Grandpa’s gas mask and helmet rest in a box in my basement. Photos, too, of him and his troopers in France. Photos of Grandma – his wife -- and her nursing school graduating class. I think about them and their war when I drive down Cheyenne’s Pershing Avenue, as I do almost every day. Cheyenne, a military town, became the adopted home for the globetrotting General Pershing. He married Helen Frances Warren, the daughter of Wyoming’s first U.S. Senator, and served at Fort D.A. Russell, now F.E. Warren AFB. Their home is now a living museum, preserved for future generations. The base itself is a national historic site, home to war trophies from the Philippines and the old airfield where World War I ace Eddie Rickenbacker cracked up his biplane and almost died. It also was the training site for Spaatz’s Flying Circus and the U.S. Army’s airmail service -- Charles Lindbergh was one of its first pilots.

The Pershing family experienced its share of tragedy. If you take a stroll through Cheyenne’s historic Lakeview Cemetery, you will come across a large grave marker for Frances E. Warren and her three daughters, ages 3, 7 and 8. In 1914, Gen. Pershing left his wife and four children at the Presidio in San Francisco to take over command of a brigade at Fort Bliss, Texas. Things were heating up at the border and the general was there to plan for the inevitable. In August of 1915, Pershing received a telegram that his wife and daughters died of smoke inhalation at a Presidio fire. Only his 6-year-old son survived.
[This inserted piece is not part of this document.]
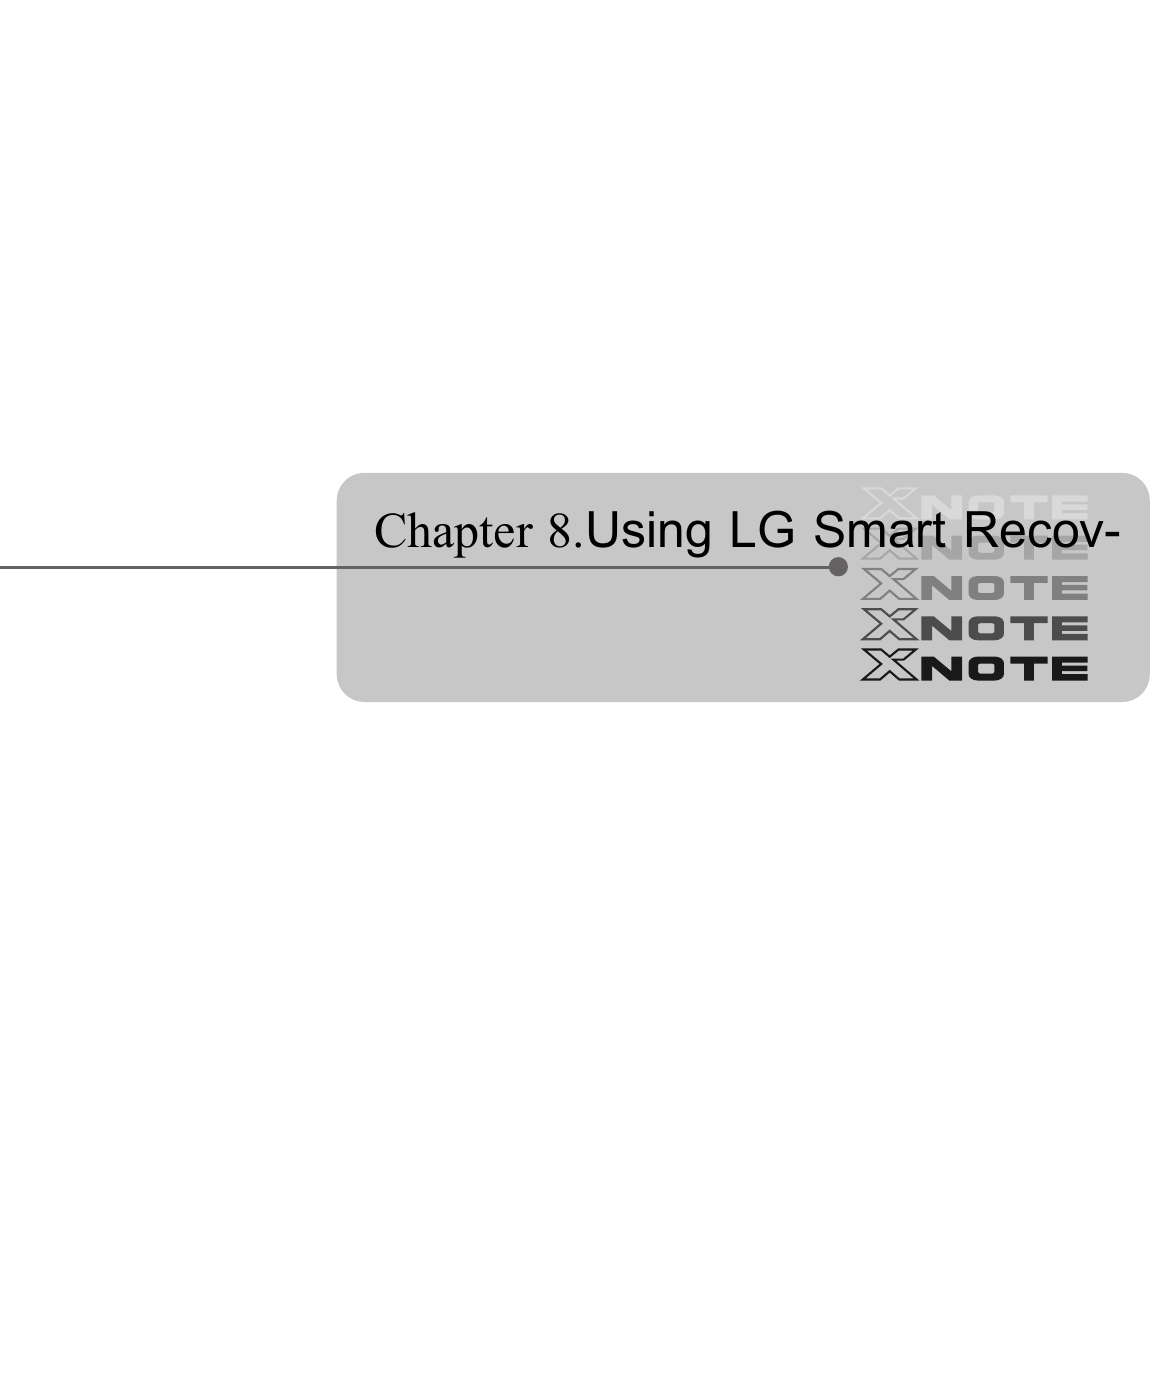  Chapter 8.Using LG Smart Recov-

Pershing Avenue starts at F.E. Warren AFB and runs straight through town past the Veteran’s Administration Medical Center where the aging Lieutenant Raymond Shay spent some of his last days. The road ends on the east side of town. If you know where to look, you can see Minuteman III missile sites out on the prairie.
     
Combat casualties were minimal in my grandfather’s World War I unit. They were surpassed by deaths from infection and disease, especially from the Spanish flu. Grandpa’s lungs deteriorated from gas attacks. After he returned to the States, he recuperated for months in an Iowa Army hospital. When he took a turn for the worse, the Army transferred him to Army Hospital Number 21 – soon to be renamed Fitzsimons Army Medical Hospital after a hero of the Great War. The dry Denver climate, famous for its healing properties, may have helped his recovery. He really took a turn for the better when he met my grandmother, an Army nurse. He and Florence Green married in 1921, stayed in Denver, raised a family, and lived a good long time.

Now Grandpa and Grandma share a plot at Fort Logan National Cemetery in Denver.

Wonder what they would make of our boy Trump.